Host O/S Version: CentOS 7.3
Docker Version:1.12.6
CUDA Version 8.0.61
There are 4 GPUs on the host machine. Below are the details:
"Devices": [
{
"PathOnHost": "/dev/nvidiactl",
"PathInContainer": "/dev/nvidiactl",
"CgroupPermissions": "mrw"
},
{
"PathOnHost": "/dev/nvidia-uvm",
"PathInContainer": "/dev/nvidia-uvm",
"CgroupPermissions": "mrw"
},
{
"PathOnHost": "/dev/nvidia2",
"PathInContainer": "/dev/nvidia0",
"CgroupPermissions": "mrw"
},
{
"PathOnHost": "/dev/fuse",
"PathInContainer": "/dev/fuse",
"CgroupPermissions": "mrw"
}
],
See below the list of Nvidia devices:
root@de-18--dev-105631-3244950001-48pjz:/sys/fs/cgroup/devices# ls /dev | grep nv
nvidia-uvm
nvidia-uvm-tools
nvidia0
nvidia1
nvidia2
nvidia3
nvidiactl
root@de-18--dev-105631-3244950001-48pjz:/sys/fs/cgroup/devices# cat devices.list
a *:* rwm
Container is not running on the privileged mode. When the number of GPU is correct in the container, but sometime later there we can see 4 GPUs in then container.
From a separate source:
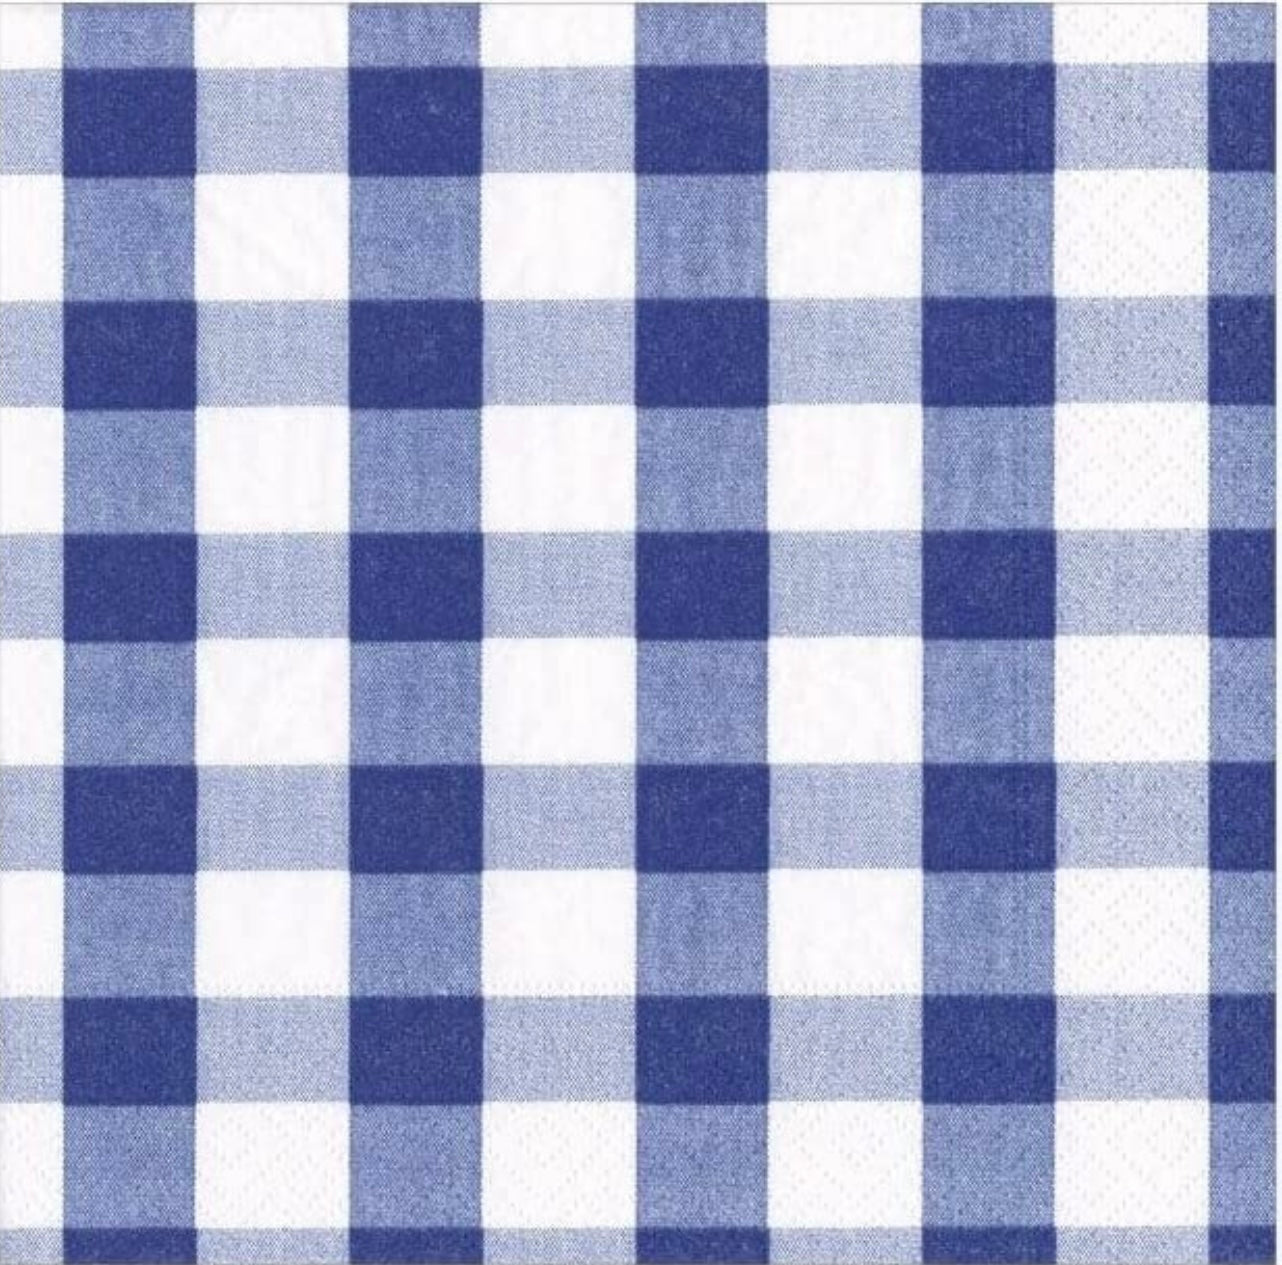 Paper Napkins - Navy Gingham - Luncheon Size 20 Pack
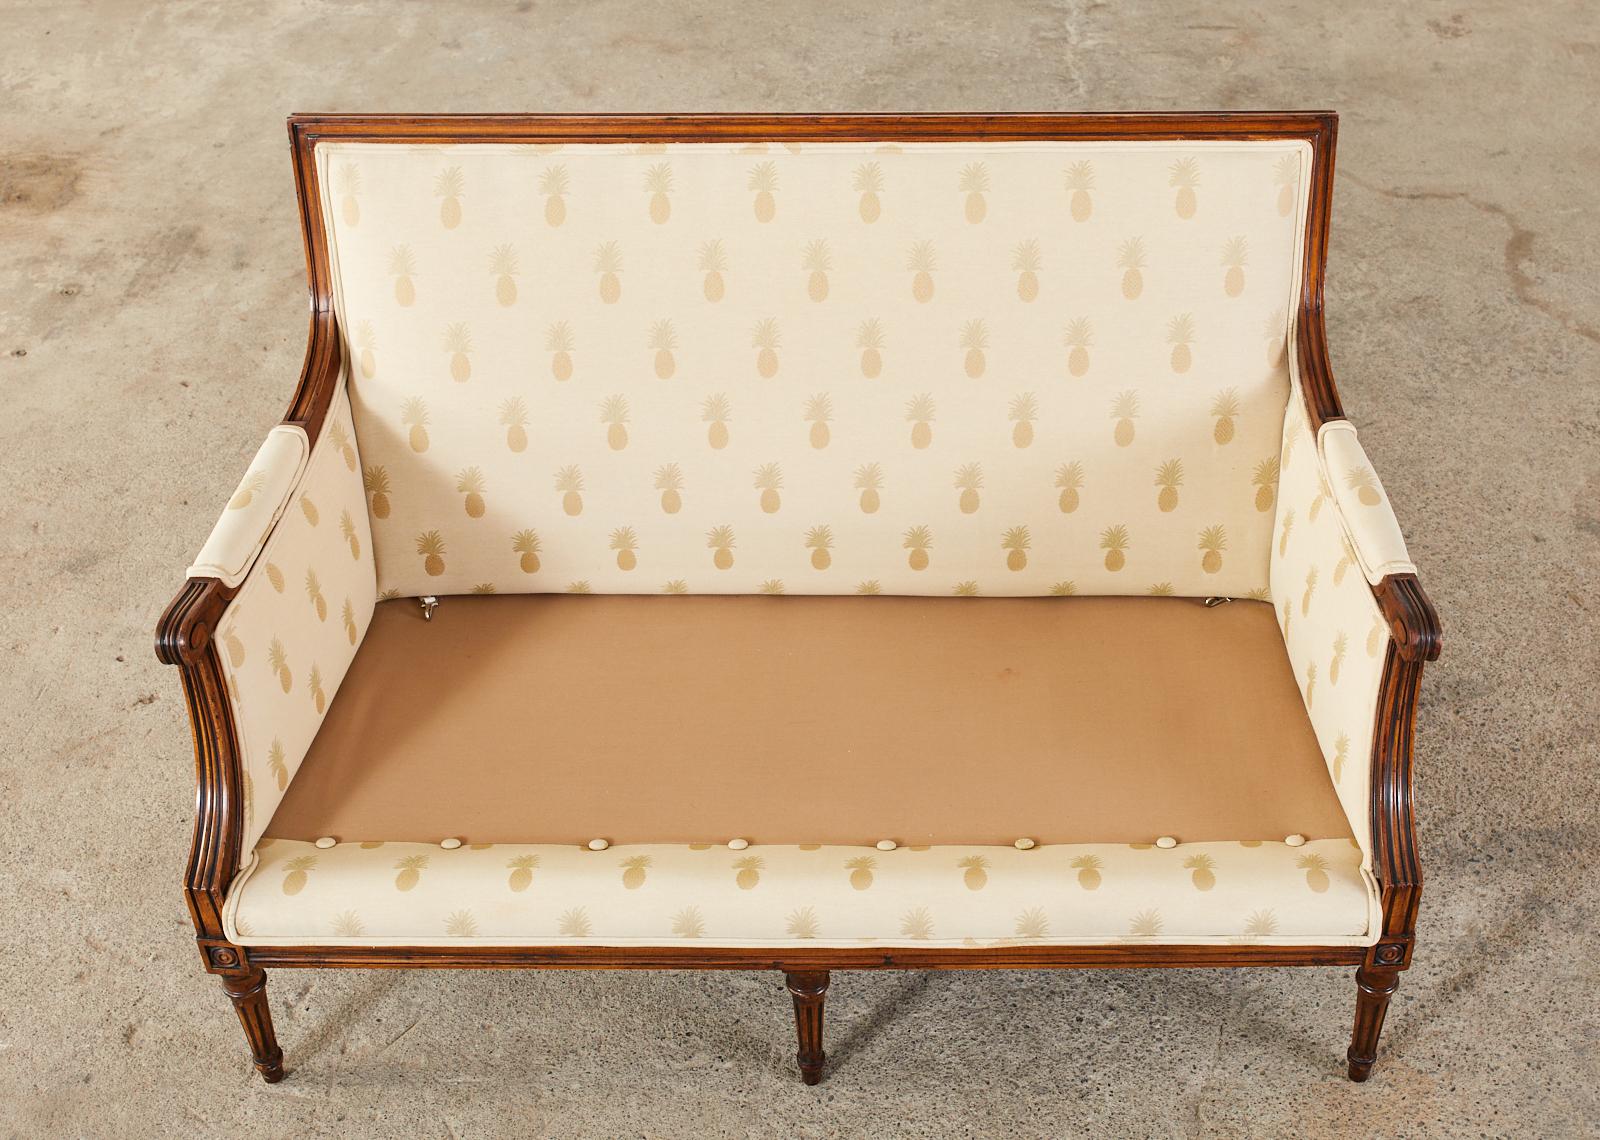 20th Century French Louis XVI Style Settee with Pineapple Motif Fabric

Containers are an abstraction at the app layer that packages code and dependencies together. Multiple containers can run on the same machine and share the OS kernel with other containers, each running as isolated processes in user space. While Virtual machines (VMs) are an abstraction of physical hardware turning one server into many servers. This is the reason you are able to see all the GPU's listed on the Host.